On top of all that, the biggest mistake adults sometimes make, is in underestimating the determination and will of kids to do things for themselves.

And who's stirring this pot of ignorance? None of than the news media. They'd love to paint that negative picture and see no merit in games. Waving that addiction word around has no real basis and they feel the need to reach a bit.

Perhaps next time, parents should think long and hard, which is worse, having you kids indoors playing games safely or being out god knows where, in danger or worse. Don't get your wires crossed, Canada. Its a tragedy this kid died, but that could have been easily avoided, by just letting the kid play his damn games in peace, not rocket science, people.

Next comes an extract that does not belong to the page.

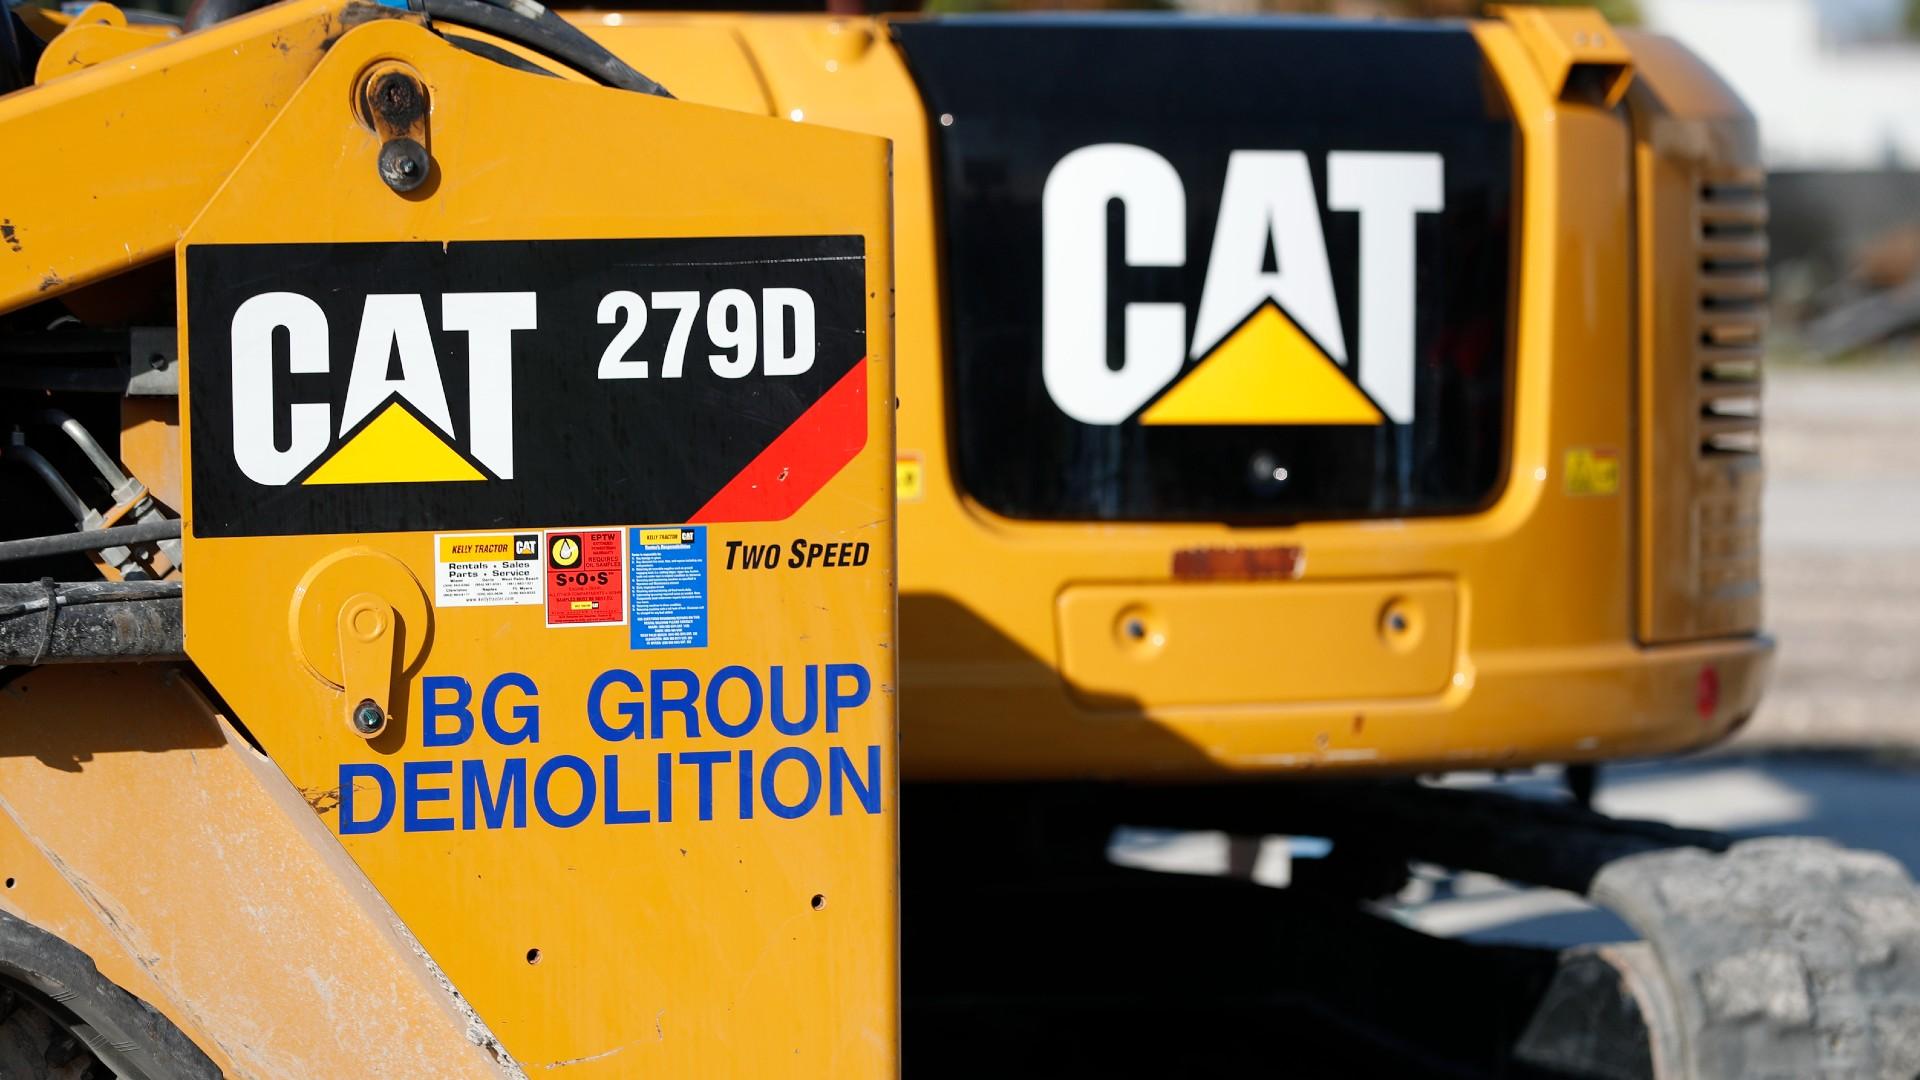 This May 8, 2019 photo shows a Caterpillar 279D Compact Track Loader, left, and 308E2 CR Mini Hydraulic Excavator, right, rear, at a demolition site in Fort Lauderdale, Fla. (AP Photo / Wilfredo Lee, File)

Nihilistic 11 Mar 2009 04:23
Yeah a lot of the small town reporting comes from the nationalized broadcasting corp, the CBC. We only have a few big national networks at all, but I don't read any of them because they're so biased, and I don't even bother watching the local news at all because there's just so much crap and I wouldn't want to risk repeating any of it. I know CNN's accused of being left leaning but they seem to disclose their information well, at least on the web, so they're the only oens I trust. I noticed on my igoogle last thursday though that there was a CBC or CTV article on Eastern Canadian ski deaths, and I'd just given a presentation on ski hill liability waivers that day. What struck me was that in two of three deaths in the last month they were wearing helmets and still died, compared to out here in Western Canada where most of the ski hills are and no one wears helmets and I've never heard of a ski death other than from avalanches. But the interesting part was that part of the article was devoted to talking about lobby groups who'd increased their calls for mandatory helment legislation!!! I think part of it is that the news feels like they have to satisfy every group, because if they don't mention the idiotic ideas then the idiots accuse them of bias and uncomprehensive coverage, but sometimes it just seems so stupid. For the most part the little newspapers have to cater to the locals, that's where it's nice to have speacialty magazines and news companies like CNN who don't feel the need to add opinion or subjectivity to every article in order to tell their readers how to think.
Brad D. 11 Mar 2009 12:30
Great to see our humble little gathering garner so much attention. Those in attendance will probably find my presentation educational and very fair. Should we be concerned by usage of the word "addiction?" Sometimes, but I'll stop using that word when the industry stops carelessly tossing around the word "addictive" to promote its products in reviews and interviews.